The paleotetraploid Salmoniformes are an order of teleosts that clearly represent such a challenge. Our new estimate of the ancestral
glp gene copy number was 20 paralogs, of which approximately half are functional. While this is consistent with rediploidization and a differential retention of post-R4 paralogs compared to the R3 paralogs [
92], our data revealed unexpectedly complex genomic rearrangements, even in closely related paralogs. The strange case of the
aqp10aa1 and
aqp10aa2 channels indicated that they not only experienced concerted evolution post R4 but have been differentially translocated to become linked in several species, including the rainbow trout (
Oncorhynchus), arctic charr (
Salvelinus), Atlantic salmon (
Salmo), and grayling (
Thymallus) but not in other congeners such as the coho salmon (
Oncorhynchus) or the brown trout (
Salmo).

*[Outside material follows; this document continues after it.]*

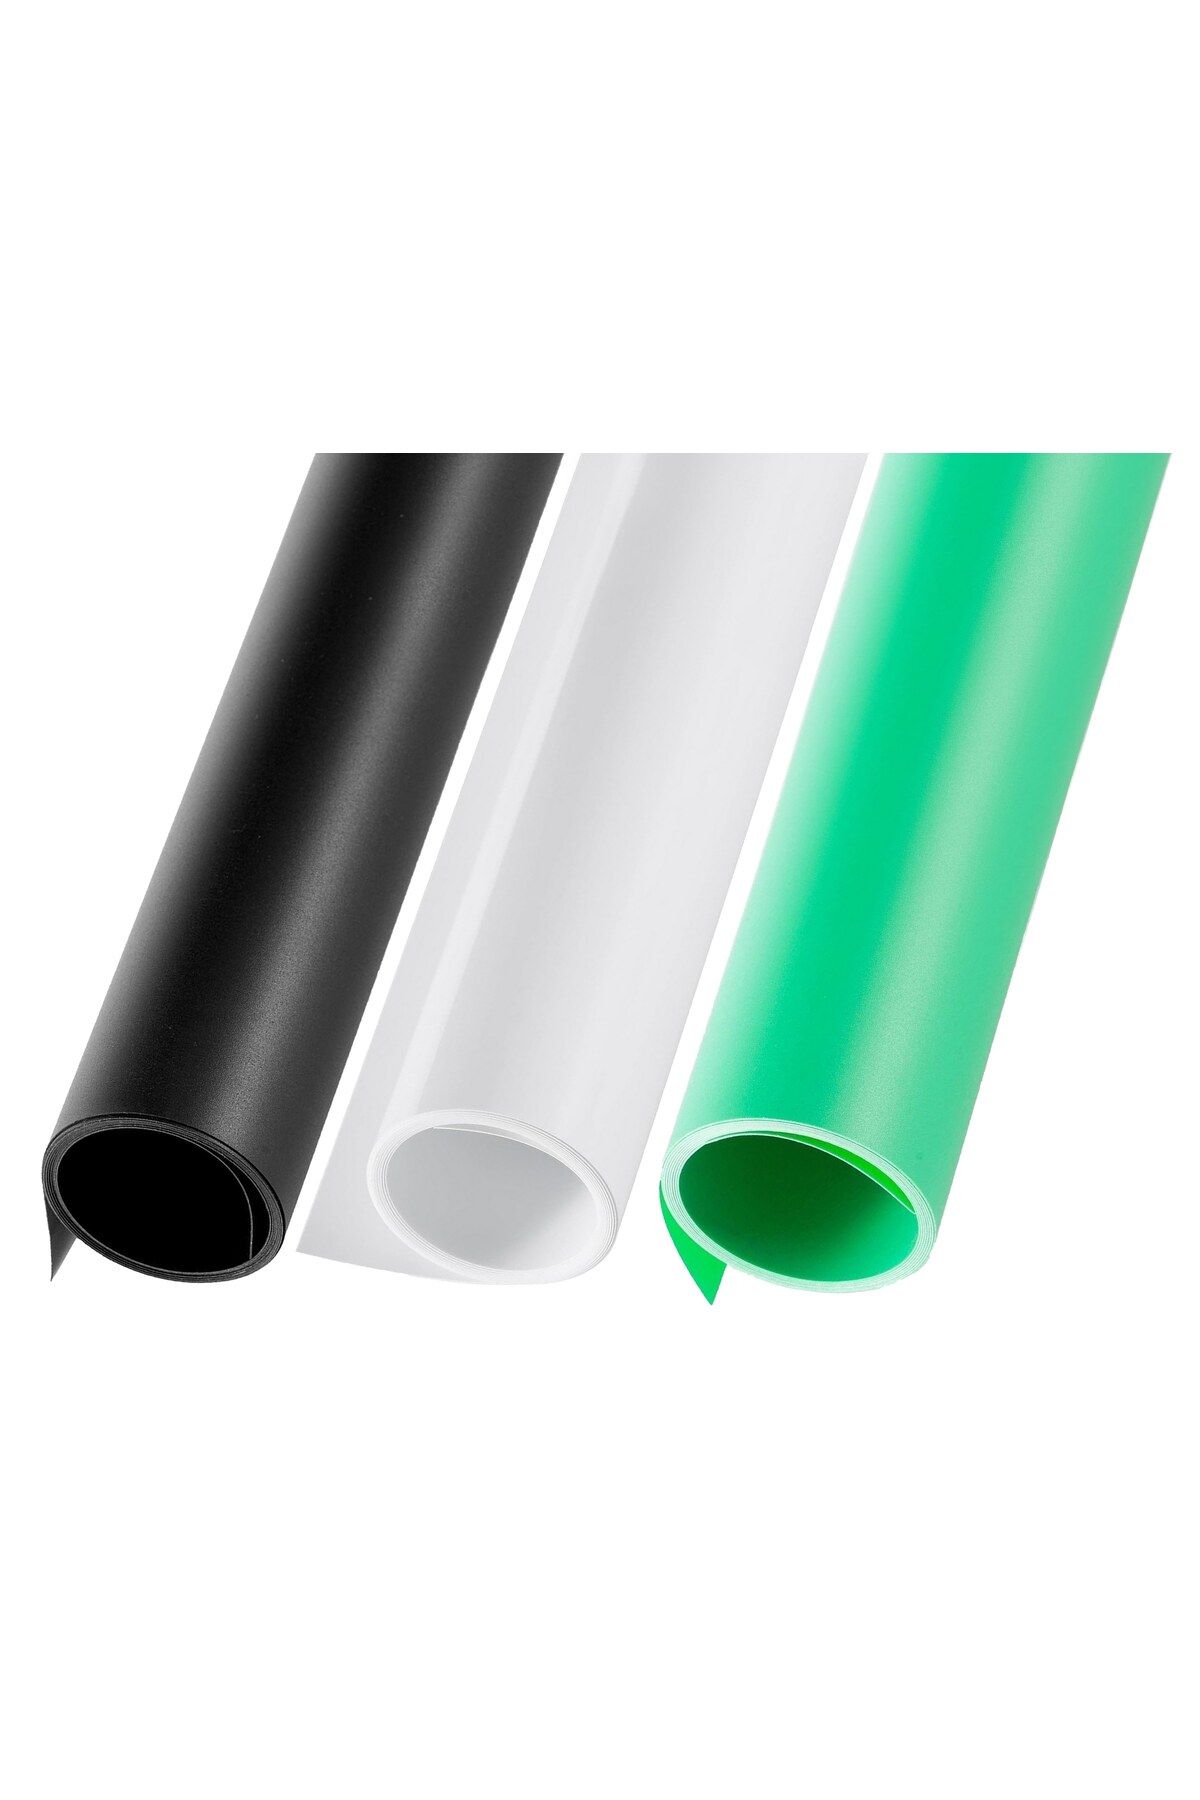 Tianya Çift Taraflı 60x130cm Beyaz , Siyah ve Yeşil PVC Zemin ve Fotograf Çekim Fonu Ürün Yemek Stüdyo vb.

Assuming that the genome assemblies are correct, then these observations are consistent with the bursts of DNA transposon activity including the DTSsa15-like Tc1/mariner type identified in the present study coinciding with speciation events [
75]. However, since we predict that the
aqp10aa2 genes are products of R4 as indicated by the syntenic analyses, the absence of large-scale gene conversion events seems paradoxical. The sequence homogenization is not restricted to the
aqp10aa1 and
-10aa2 genes, as it is also evident in the downstream
aqp10ab1 and
-10ab2 pseudogenes, which evolved ~300 million years earlier by tandem duplication in the LCA of Actinopterygii. The observed concerted evolution may therefore be associated with the transposon-mediated interlocus transposition of the binary clusters rather than canonical gene conversion. It is nevertheless clear that the
aqp10aa1 gene displays the most restricted tissue expression profile of all of the salmonid
glps, even compared to the
aqp10bb1 channel [
93], indicating that despite the absence of differentiation in the coding regions, the cis-regulatory regions have nonfunctionalized.